1. Field of the Invention
The present invention relates in general to integrated circuits and in particular to an integrated circuit structure in which respective gate and drain portions of a plurality of MOSFET cells are accessible through a top surface of a lateral structure.
2. Description of the Prior Art
Insulated gate devices such as power metal-oxide-semiconductor field-effect transistors (or MOSFETs) often comprise a plurality of interconnected cells distributed laterally over a top surface of a substrate, where each cell includes a source, channel and drain region arranged laterally along the top surface. The source regions are typically interconnected by a metallization layer overlying the top surface of the device. Such top surface interconnection can increase the cost of the insulated-gate device and utilize surface area which could be used for other structures.
FIG. 1 is a cross sectional view of a previous design in which plural identical MOSFET cells are fabrccated laterally along the top surface of a substrate 1 and are connected to external circuitry by ohmic contacts bonded to the top surface. Two such MOSFET cells are indicated at 10 and 20, respectively. The first MOSFET cell 10 includes a substrate-well contact 11 which is connected to a source terminal S.sub.1 through a first opening 17a provided in an insulating layer 17. One portion of the substrate-well contact 11 attaches to a p-type substrate contact region 15a at the top of a double diffused substrate-well 15. A second portion of the substrate-well contact 11 is bonded to the top of a n-type source region 16. A connecting region 15b extends laterally under the source region 16 from the substrate contact region 15a to a p-type channel region 15c which terminates at the top surface of the substrate 1. A silicon dioxide insulating layer 17 covers the channel region 15c and supports a polysilicon gate 18. The gate 18 is accessed by a gate terminal G.sub.1 extending upwardly from a gate contact 12. A drain terminal D.sub.1 rises vertically through a second opening 17b in the insulating layer 17 from a drain contact 13 that is bonded to the heavily doped (n+) surface of an n-type drain region 14. Contacts 11 and 13 are typically made of a metal such as a aluminum which bonds readily to the heavily doped surfaces of respective regions 15a, 16 and 14 and provides ohmic contact a the metal-semiconductor junctions.
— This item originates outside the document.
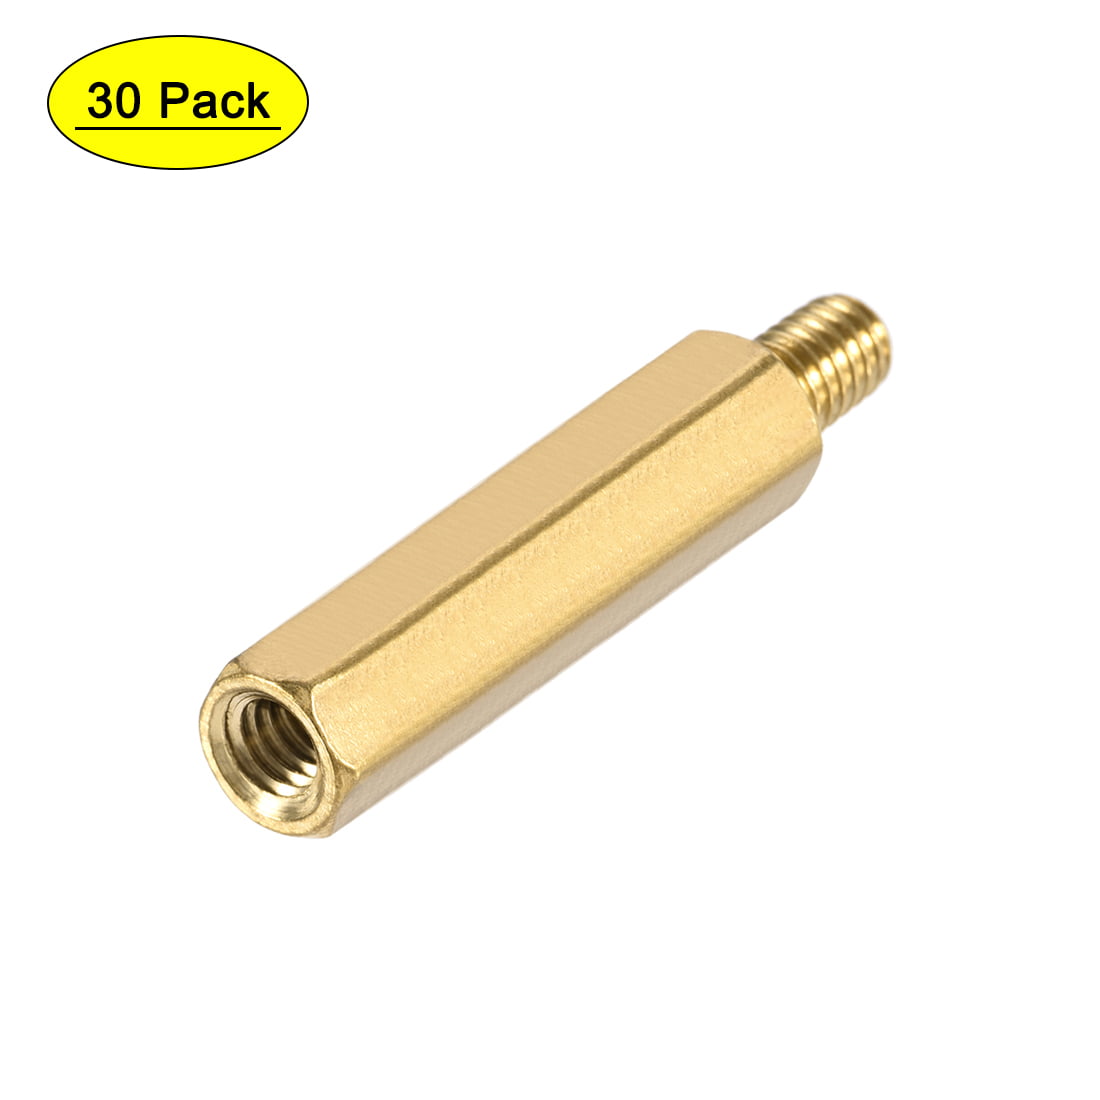 M4 x 35 mm 6 mm Male to Female Hex Brass Spacer Standoff 30pcs

The second MOSFET cell 20 is comprised of identical parts including a substrate-well contact 21 that is accessed through another opening 17c in the insulating layer by a second source terminal S.sub.2. A second gate contact 22 is provided coupled to a second gate terminal G.sub.2. A second drain contact 23 is accessed through the insulating layer 17 (opening 17d) by a second drain terminal D.sub.2. The substrate 1 also includes a drift region 2 (n-), portions of which project to the top surface between the channel and drain regions of each MOSFET cell; an epitaxial layer 3 (p--), a bulk layer 4 (p+) and a substrate contact 5 at the bottom surface of the substrate as shown in FIG. 1. The substrate contact 5 is typically coupled to ground through a substrate terminal SBST.
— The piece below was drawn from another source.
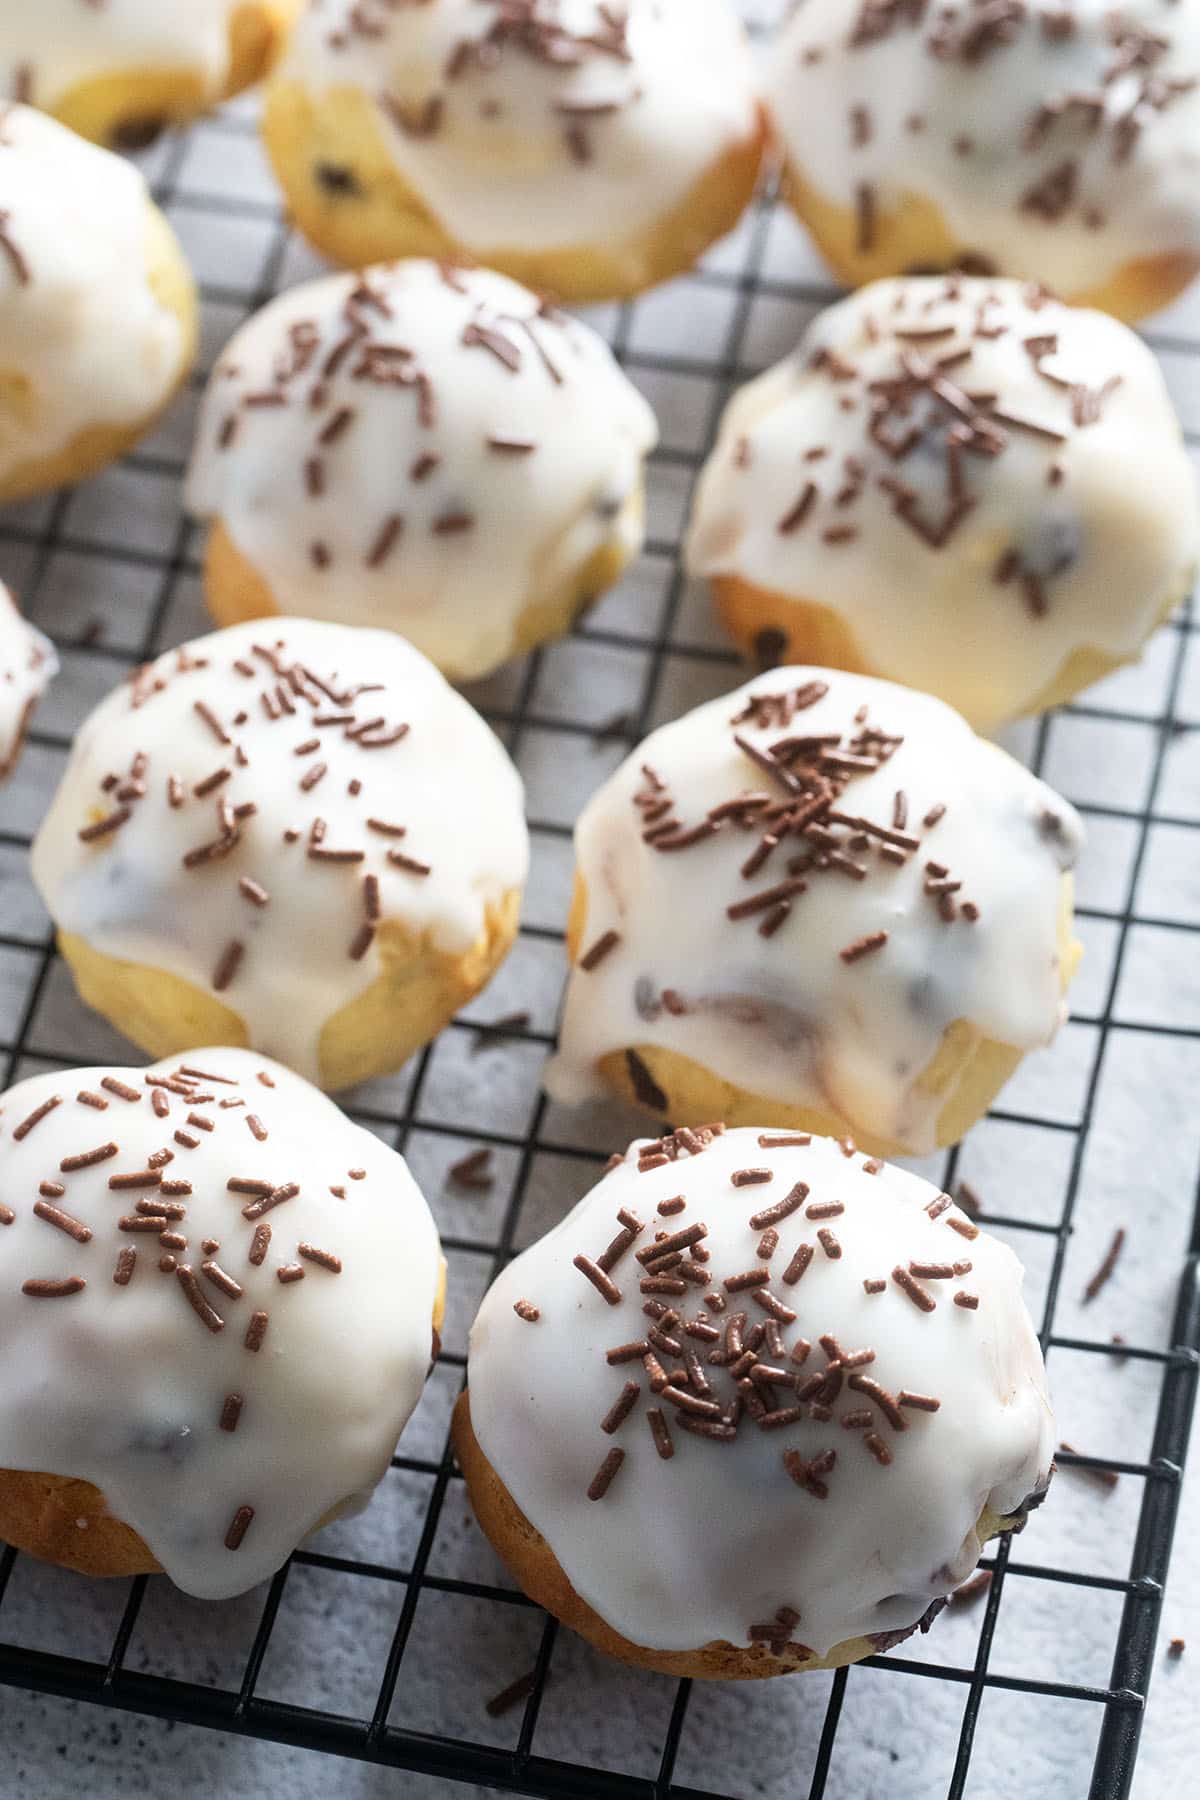 many glazed ricotta cookies sprinkled with chocolate on a wire rack.

In many previous circuits, the first and second source terminals, S.sub.1 and S.sub.2 are connected to a common point, such as ground, by a conductive metallization layer represented by a ground bus 30 in FIG. 1. This metallization layer is often insulatively disposed over the top surface of the device and connected to individual source regions through openings (e.g. the first and third openings, 17a and 17c) provided in one or more insulating layers. As previously mentioned, this arrangement can increase the cost of the device and also utilize space needed for other structural features.
For situations where multiple semiconductor cells, such as MOEFET cells 10 and 20 of FIG. 1, are dispersed across the entire face of an integrated circuit chip (IC), it is often necessary to provide a plurality of inter-cell coupling layers which span across and consume major portions of the surface area available at the top of the IC. The inter-cell coupling layers are typically formed in separate fabrication steps wherein a first insulation layer (e.g. oxide layer) is deposited on the top face of the IC, through-holes are etched at required locations to permit connection to semiconductor regions of the substrate, a first metal layer (e.g. aluminum) is deposited on the first insulation layer in a predetermined pattern to connect selected substrate regions one to the other, a second insulation layer is deposited over the first metal layer, through-holes are etched in accurate alignment with the through holes of the first insulation layer, and a second metal layer is deposited across the top face of the IC to provide additional intercoupling of cells dispersed aross the IC. The deposition of each set of metal connecting layer and oxide insulating layer adds to the cost of the final IC and increases the probability that a fault will develop during fabrication thereby lowering the manufacturing yield. An inter-cell coupling arrangement which obviates the need for at least one set of metal and insulating layers would reduce cost, increase manufacturing yield, and permit denser circuit packing by freeing chip surface areas previously occupied by the prior art through-hole connections provided through the insulation layers for accessing the top surface of the semiconductor substrate.